2019年 9月 3日〜6日（ロッテルダム、オランダ）
タイトル； Development of drug screening system using neural stem cells derived from a patient with Type II Gaucher Disease.
（熊本大学 大学院生命科学研究部 小児科学講座）
Type II Gaucher disease （GD）is a lysosomal storage disease caused by a deficient activity of the enzyme glucocerebrosidase (GC). Glucosylceramide (GlcCer) and glucosylsphingosine (GlcSph) were accumulated in the nervous systems of patients with type II GD. The onset frequency of type II GD in Japan is significantly higher compared to those in Europe and America, and was accounted for one-third of all GD. The chaperon treatment such as ambroxol may be restrictedly effective in some patients with neuropathic GD, however, the effective treatment for type II GD have not been definitely confirmed. This aim of study is to develop the effective treatment for type II GD.

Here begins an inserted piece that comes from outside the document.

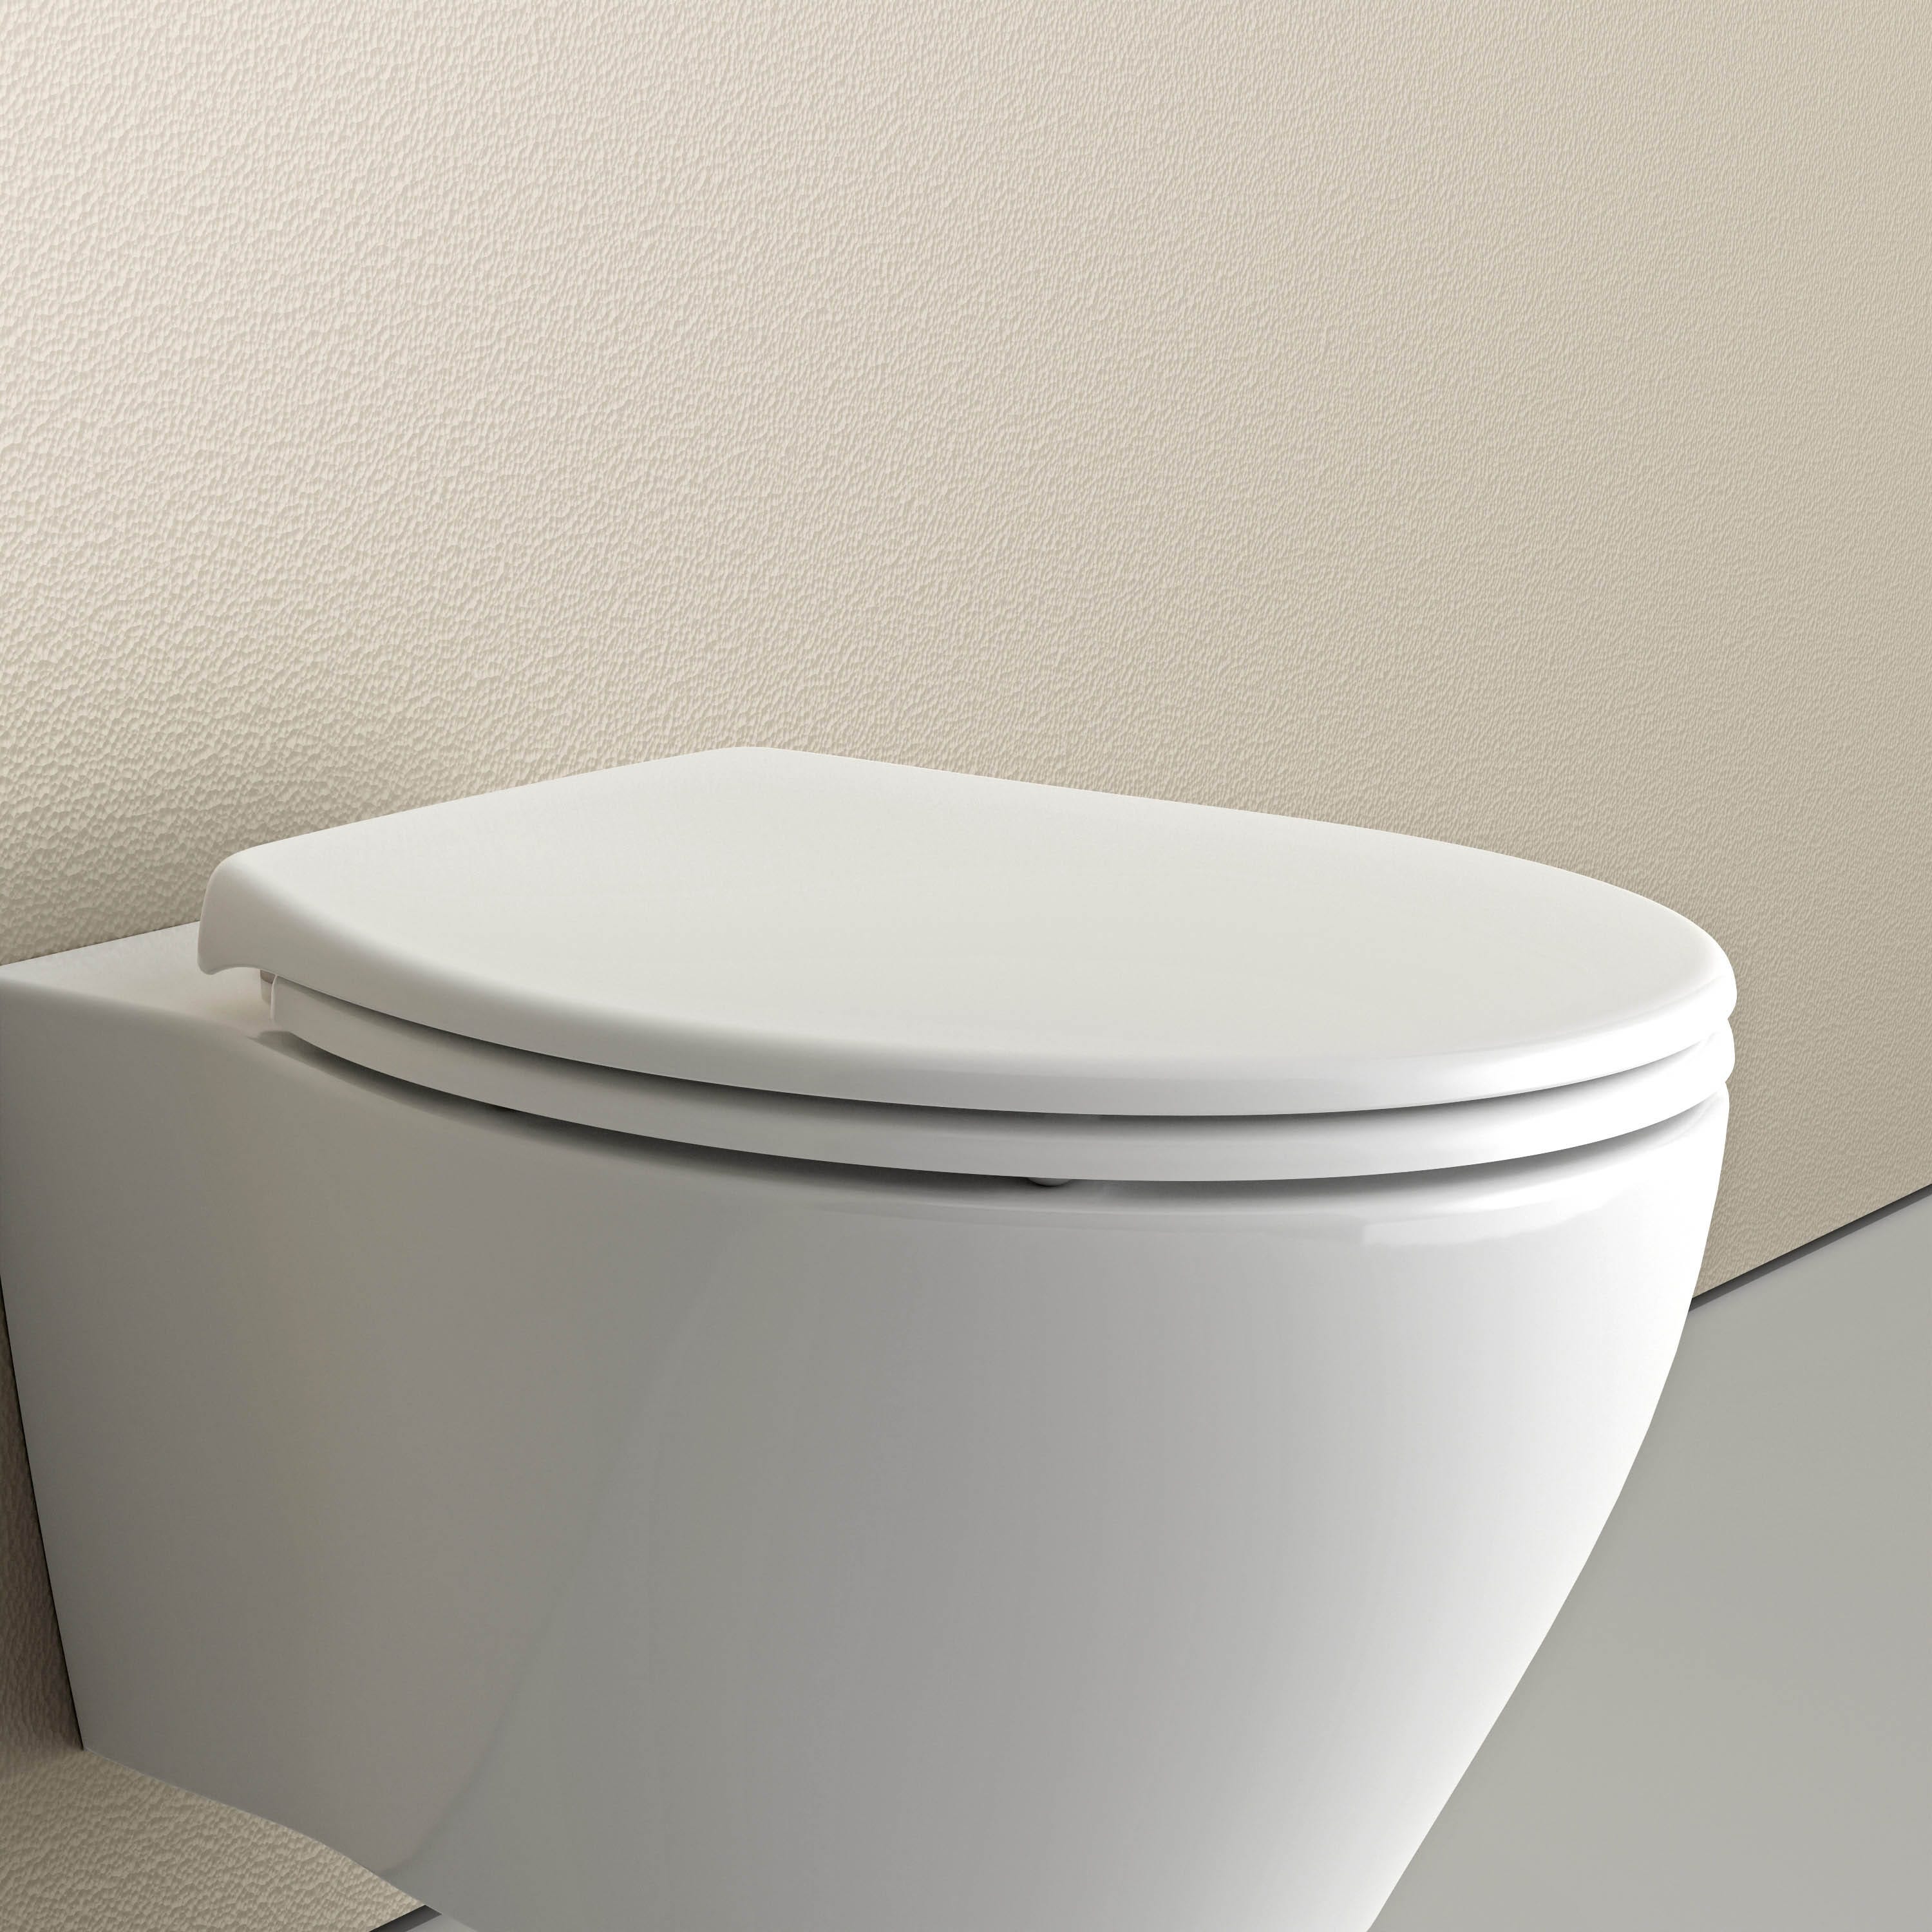 BERNSTEIN - Abattant WC plastique Lunette WC moderne, Cuvette

We introduced the four factors (KLF4, OCT3/4, SOX2, c-MYC) into lymphocytes from a patient with type II GD and acquired the type II GD iPS cells. Moreover, we differentiated the type II GD iPS cells into the type II GD neural stem cells (NSCs) using Gibco®PSC Neural Induction Medium. The type II GD NSCs were cultured in the special neuron culture medium for 2 months and developed into neurons. We analyzed the characters and functions in neurons from patients with type II GD and neurons from normal healthy control.

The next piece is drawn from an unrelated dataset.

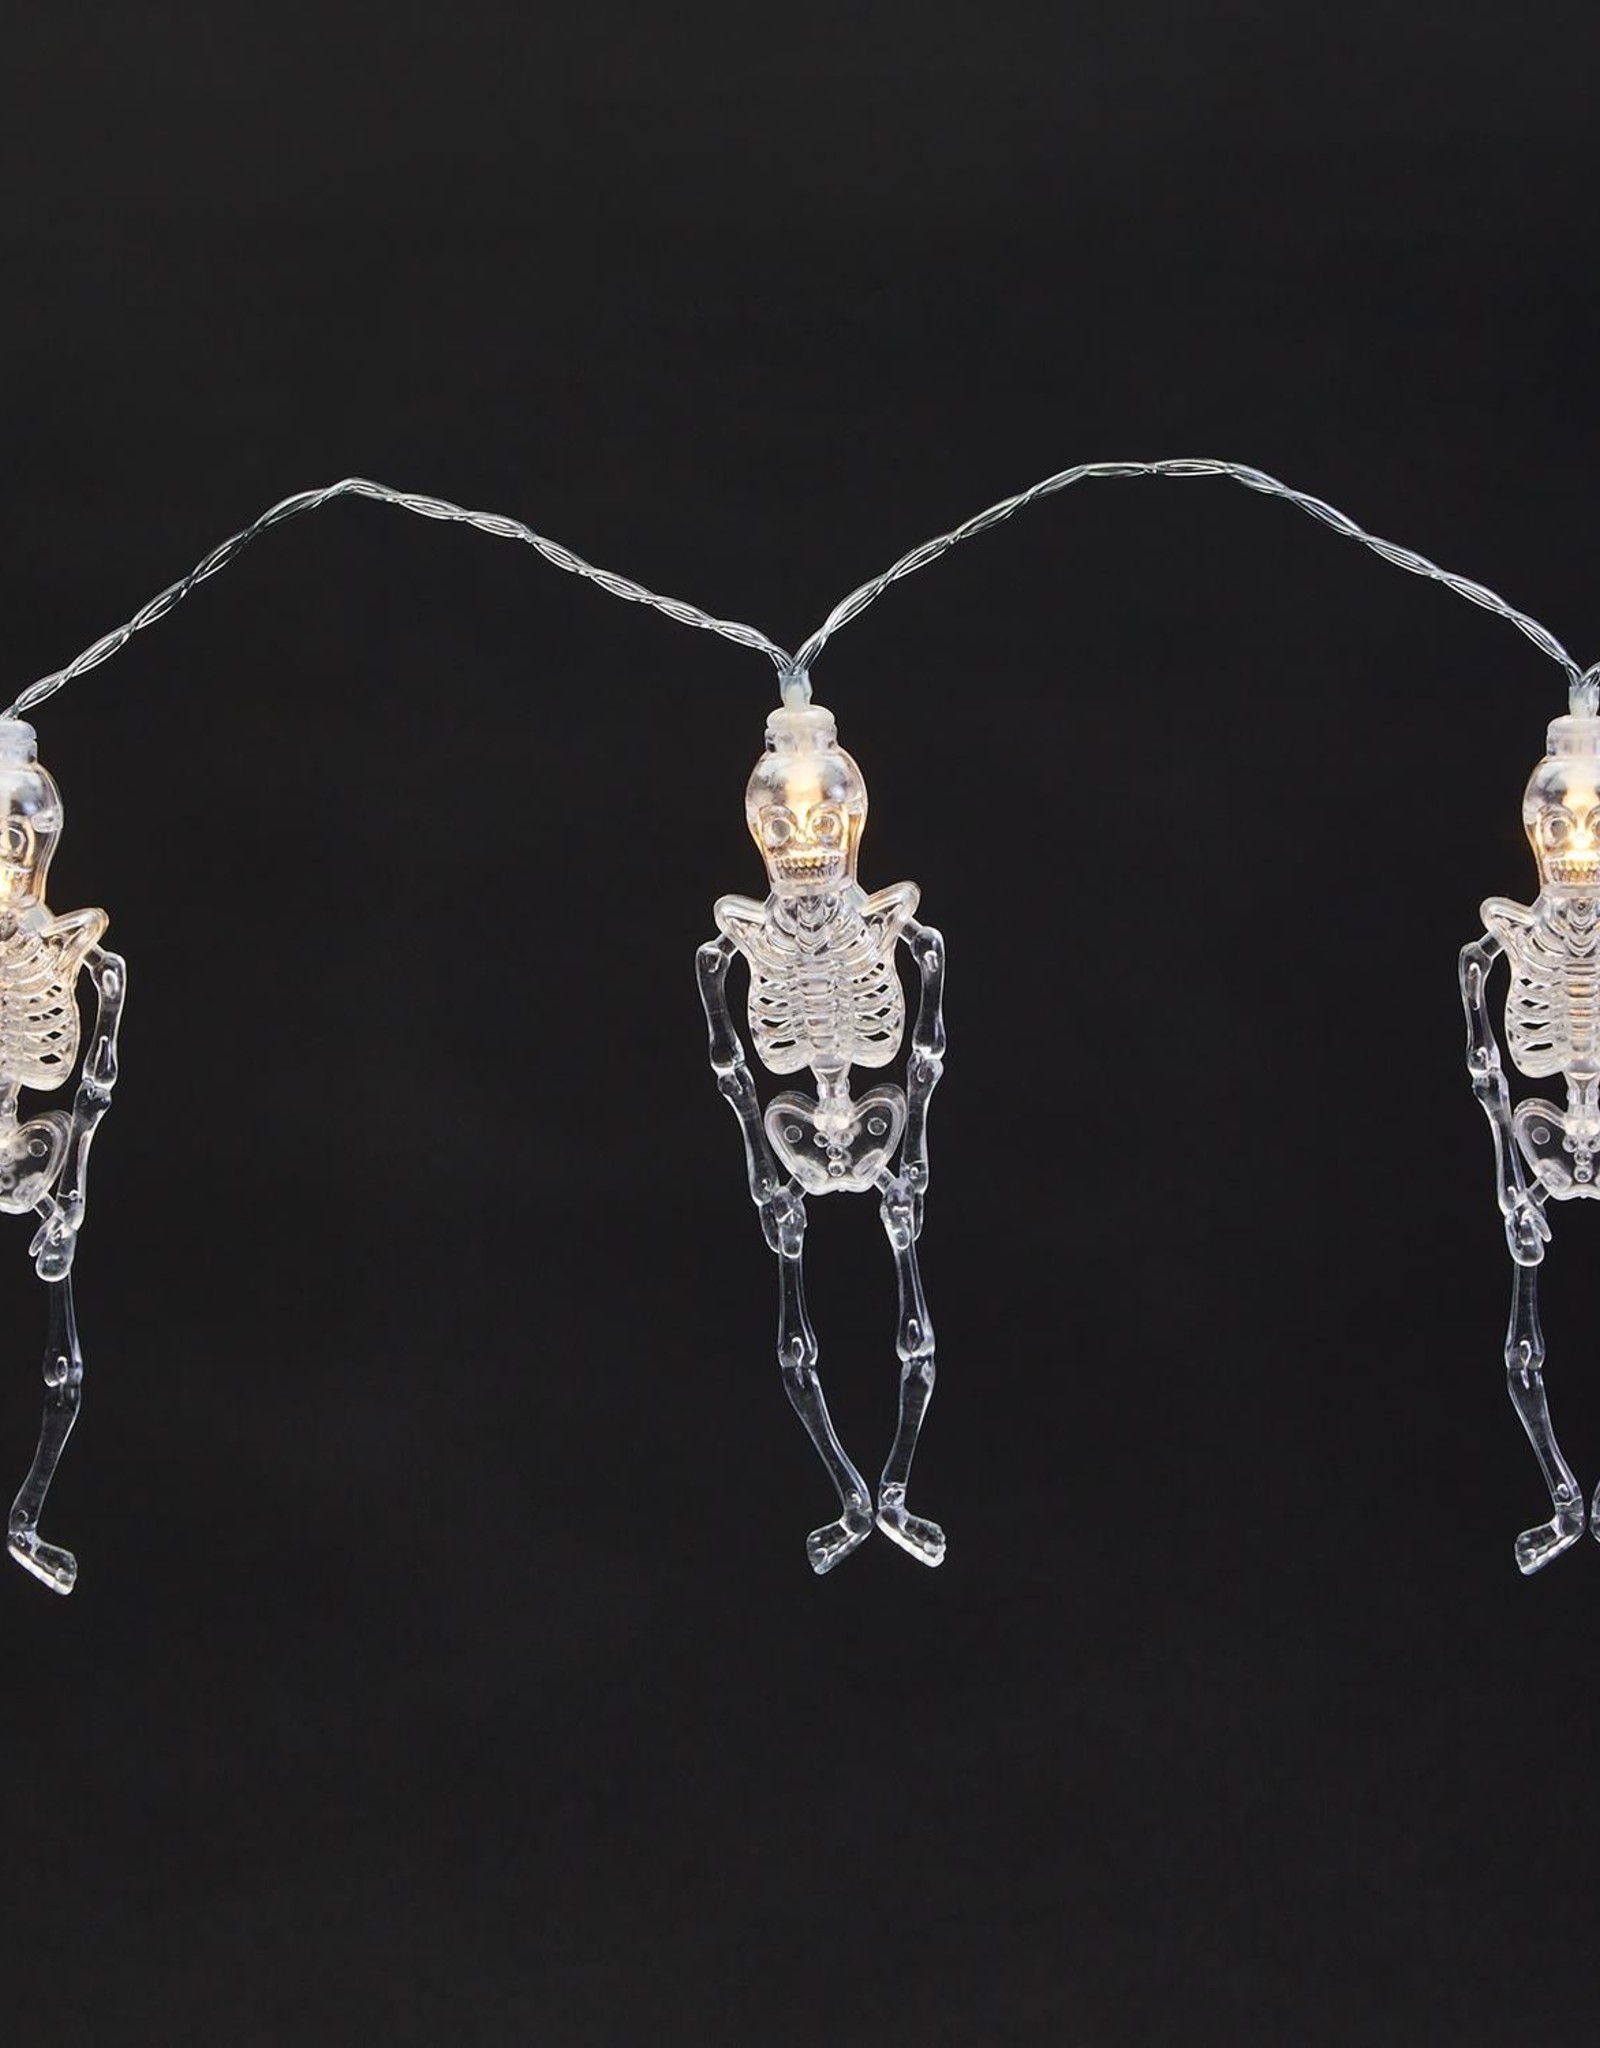 Two's Comapany Skeleton String Lights

The activity of the enzyme GC in type II GD NSC was significantly lower than those in normal heathy control NSC. The GlcCer in the type II GD neuron was not more accumulated than those in normal heathy control neuron, however, the GlcSph in the type II GD neuron was more accumulated than those in normal heathy control neuron. The lysosomal-associated membrane protein 1 (LAMP-1) was significantly more expressed in the type II GD NSC in gene and protein expression levels. We developed a drug screening system using LAMP-1 as a marker protein in the IN Cell Analyzer 6000.
We screened 1392 compounds, and 120 compounds decreased LAMP-1 expression. In the more detailed examination, we selected 10 compounds as the possible candidates of medicine for type II GD. In the future, we will find out effective medicine for type II GD neuron because we could develop the drug screening system for type II GD NSC and neuron.